Das israelische Außenministerium lobte den Beschluss. „Das deutsche Parlament hat die antisemitische Natur von BDS anerkannt und seinen ungesetzlichen Boykottaktivitäten“, schrieb der Sprecher auf Twitter.
Aus Israel kam aber auch Kritik an den Anträgen. Mehr als 60 jüdische und israelische Wissenschaftler haben eine Petition dagegen unterzeichnet, die sie als wenig differenziert einstufen. „Wir rufen alle deutschen Parteien dazu auf, keine Resolutionen vorzulegen und zu unterstützen, die BDS mit Antisemitismus gleichsetzen“, schrieben die Forscher.
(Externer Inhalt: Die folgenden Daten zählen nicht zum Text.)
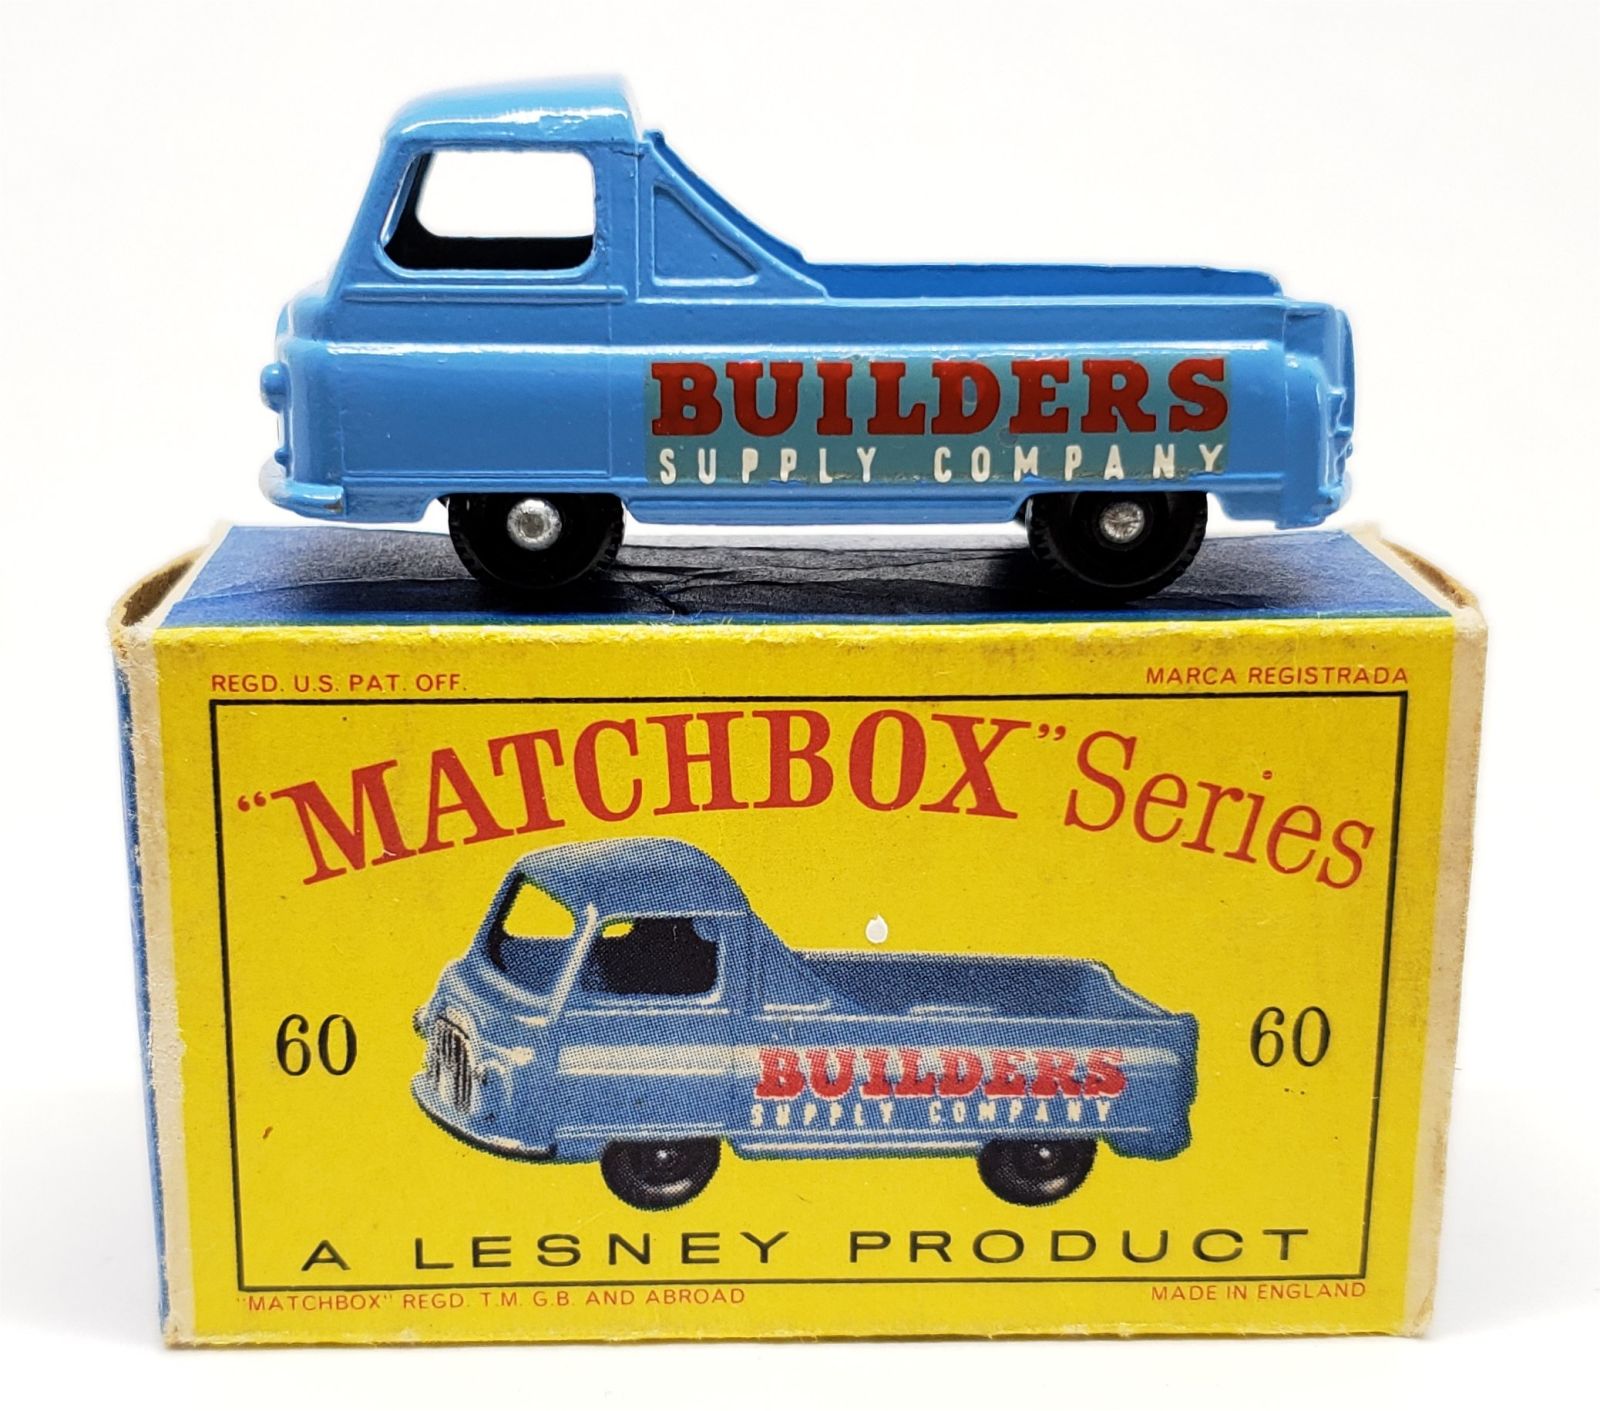 Illustration for article titled [REVIEW] Lesney Matchbox Morris J2 Pick-up

Aussagen und Aktionen von BDS seien von der Meinungsfreiheit gedeckt.
Der Präsident des Zentralrats der Juden, Josef Schuster, begrüßte die Entscheidung ebenfalls: „Endlich wird die anti-israelische Boykottbewegung auch auf Bundesebene klar als das benannt, was sie ist, nämlich antisemitisch.“ Auch der Antisemitismus-Beauftragte der Bundesregierung, Felix Klein, stellte sich hinter den gemeinsamen Antrag von Union, SPD, FDP und Grünen. „Wir müssen jeder Form von Antisemitismus entgegentreten, auch wenn sie vermeintlich harmlos wirkt“, sagte er der Deutschen Presse-Agentur. Der deutsche Ableger der BDS reagierte nicht auf eine schriftliche Anfrage der dpa.
Der angenommene Antrag war umstritten. Die CDU-Außenexperten Andreas Nick, Norbert Röttgen und Roderich Kiesewetter unterstützten in einer Erklärung, sie wollten dem Antrag zustimmen, warnten aber, dass legitime Kritik an der israelischen Regierung nicht als vermeintlich antisemitisch diskreditiert werden dürfe. 17 weitere Fraktionskollegen haben das Papier nach Angaben aus der Union unterschrieben. Auch Teile der Grünen distanzierten sich in einer eigenen Erklärung von dem Text, weil er die Bewegung zu pauschal als antisemitisch verurteile. Neben Claudia Roth und Jürgen Trittin wollten 14 weitere Abgeordnete den Beschluss ablehnen. Es fehle „jedes Bekenntnis zum Schutz und zur Verteidigung der Meinungsfreiheit“, kritisierten sie.